Я такая, говорит Джордж.

Мать смеется.

Тебе без этого никак, правда? говорит она. Это твоя натура, да?

Без чего? спрашивает Джордж.

Генри бежит в заросший купырем дальний уголок сада, где стоят какие-то современного вида скульптуры, а траве на лужайке позволено расти так, как ей заблагорассудится. Она такая высокая, что Генри полностью исчезает в ней.

Это какое-то заколдованное место, говорит мать. Действительно, эффектно, думает про себя Джордж. Это уже второй раз на ум ей приходит слово «эффектно» — потому что когда они вышли из палаццо минуту назад и прошли по садовой дорожке к ресторанчику, который издали походил на лавку старьевщика, а оказался местом, где подают пасту и вино, внезапно прямо из воздуха зазвучал джаз — старое пианино и духовые (в действительности звук доносился из колонок ресторана), — словно специально для них.

А теперь сад наполнился итальянскими школьниками, младшими, чем Джордж, но постарше Генри. Они расселись за столами и принялись болтать между собой.

А он свои деньги в конце концов получил? спрашивает Джордж.

Кто? не понимает мать.

Художник, говорит Джордж. Он же и в самом деле был лучшим. Если это он расписал ту стену в глубине залы.

Я не знаю, Джордж, говорит мать. Я об этом почти ничего не знаю. Знаю только то, что только что тебе рассказала, это было написано под репродукцией, которую я видела дома. Когда вернемся — почитаю об этом. Хотя, знаешь, может все дело в наших глазах, которым одни части залы кажутся красивее, чем другие, и от того, как мы сегодня представляем красоту. Может, это наши стандарты красоты, а не их. Но я согласна. Я готова согласиться с тобой. Кое-что там вообще необыкновенное. Просто дух захватывает. И еще интересно то, что единственной причиной, по которой мы узнали, что художник, расписавший ту стену, был, что он вообще жил на свете, оказалось то, что он требовал большего.

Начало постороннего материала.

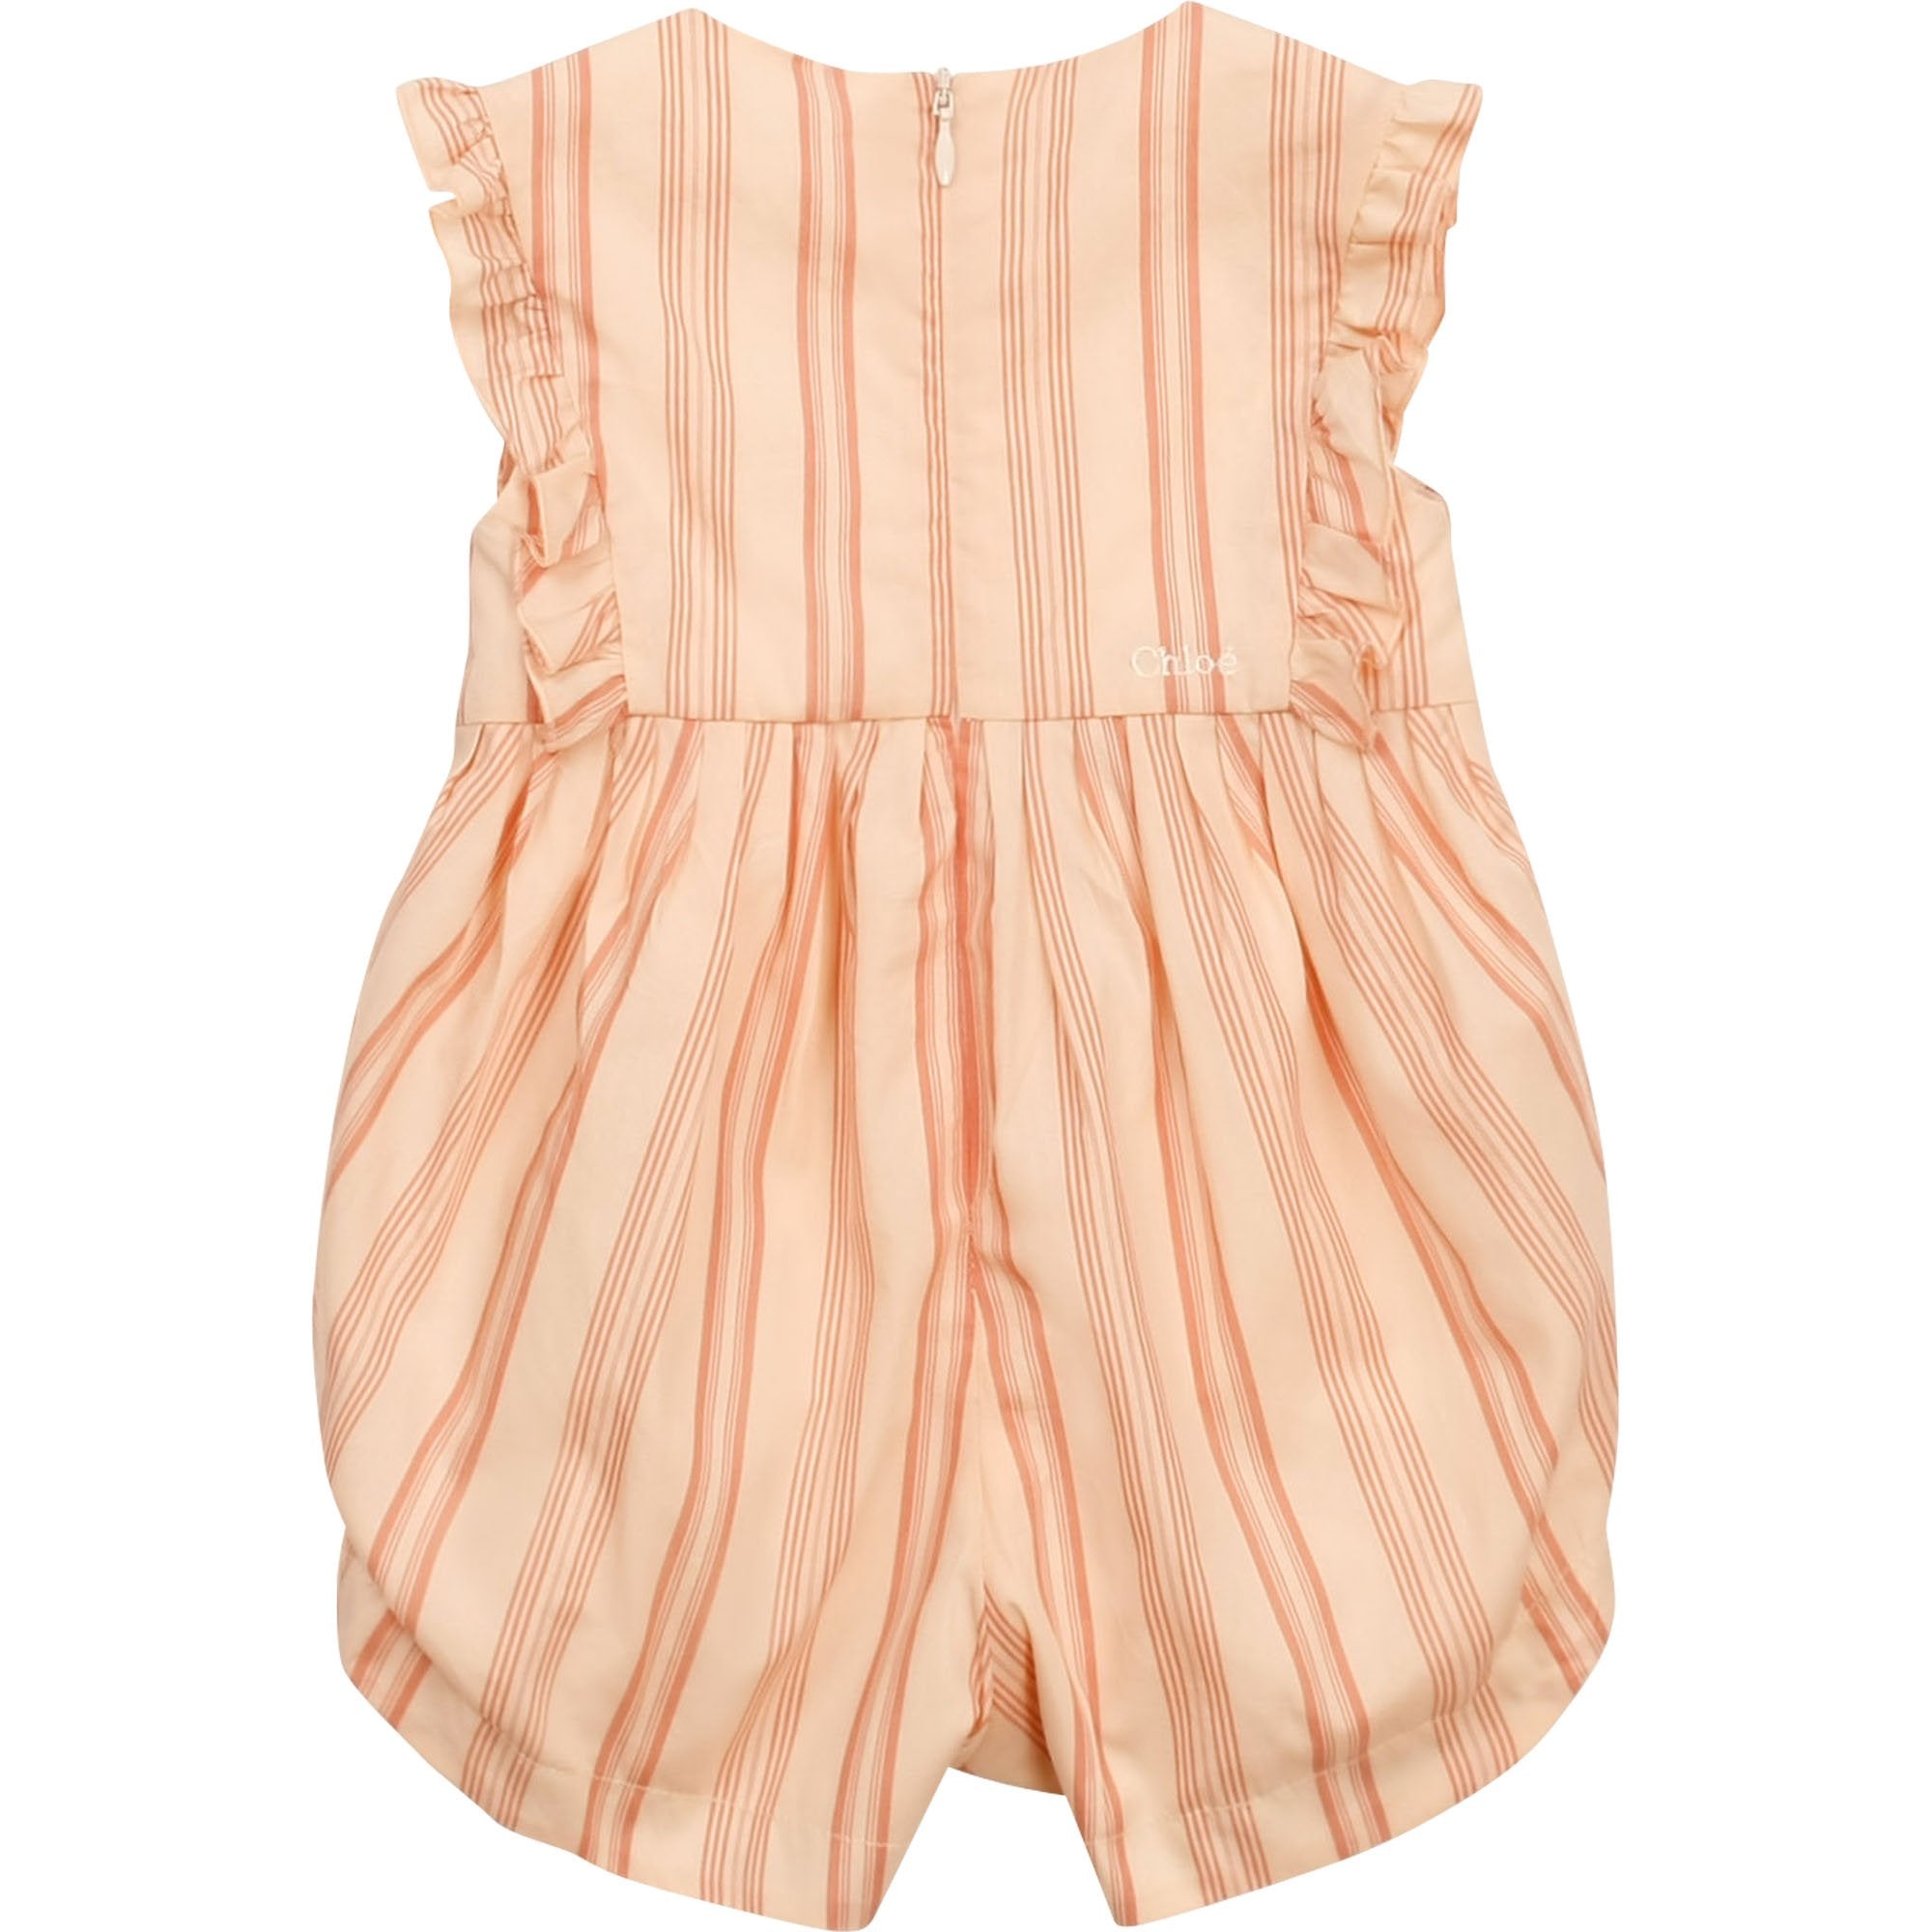 Chloé Girls Pink Striped Cotton Playsuit 2Y

Будто Оливер Твист овсянки попросил, говорит Джордж.

Мать усмехается.

Где-то так, говорит она.

Как его звали? спрашивает Джордж.

Мать смотрит куда-то вверх.

Понимаешь, Джордж, я помнила. Видела это имя в журнале там, дома. А сейчас совершенно из головы вылетело, говорит мать.

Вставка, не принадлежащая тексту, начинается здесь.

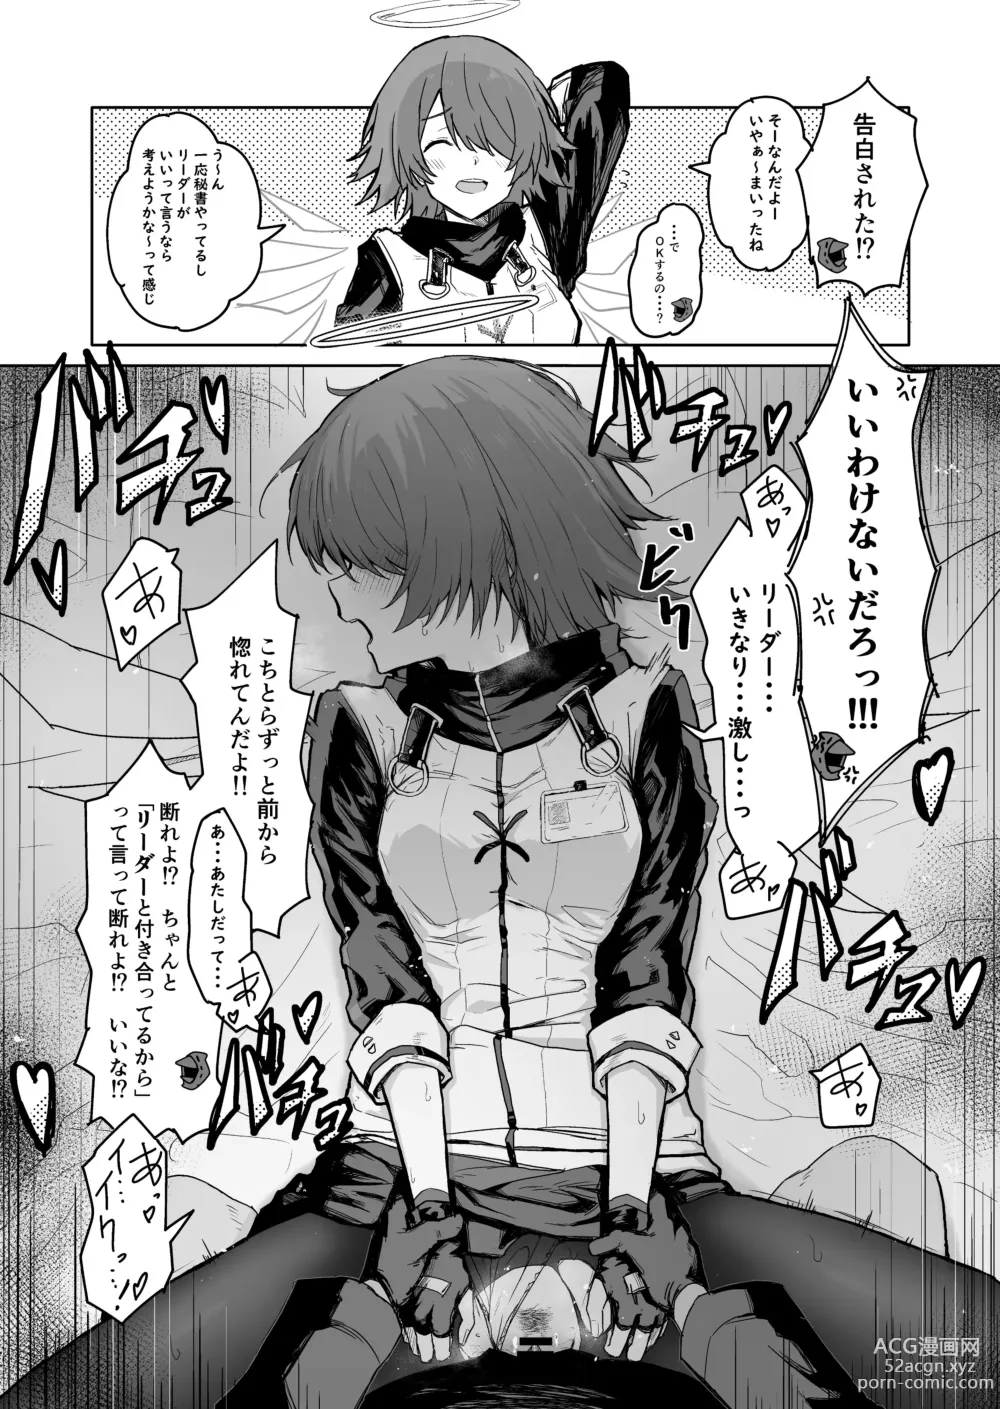 Page 26 of doujinshi Twitter collection

Мы приехали сюда, чтоб посмотреть на картину, которая тебе понравилась, а ты даже не можешь вспомнить имя автора? говорит Джордж.

Мать делает большие глаза.

Я знаю, говорит она. Но как-то это не важно, правда же, знаем мы его имя или нет. Мы увидели картины, что нам еще нужно знать? Хватит с нас и того, что кто-то когда-то их написал, а потом мы пришли и увидели. Или нет?

Я могу поискать, если ты мне дашь свой телефон, говорит Джордж.

И тут ее охватывает смесь чувств — от неприятного до совсем скверного.

(Чувство вины и ярость:

— Спой мне о любви

— Нет, мой голос пропал вместе с беременностью

— Интересно, куда же он делся. Держу пари, что он в каком-нибудь соборе, завис под сводами среди резных ангелов

Ярость и чувство вины:

— Как твои глаза сегодня и как ты что ты делаешь где ты + когда увидимся)

Мать не замечает. Мать даже не представляет. Мать смотрит на свой телефон, проверяя, хорошо ли он лежит в кармане сумочки.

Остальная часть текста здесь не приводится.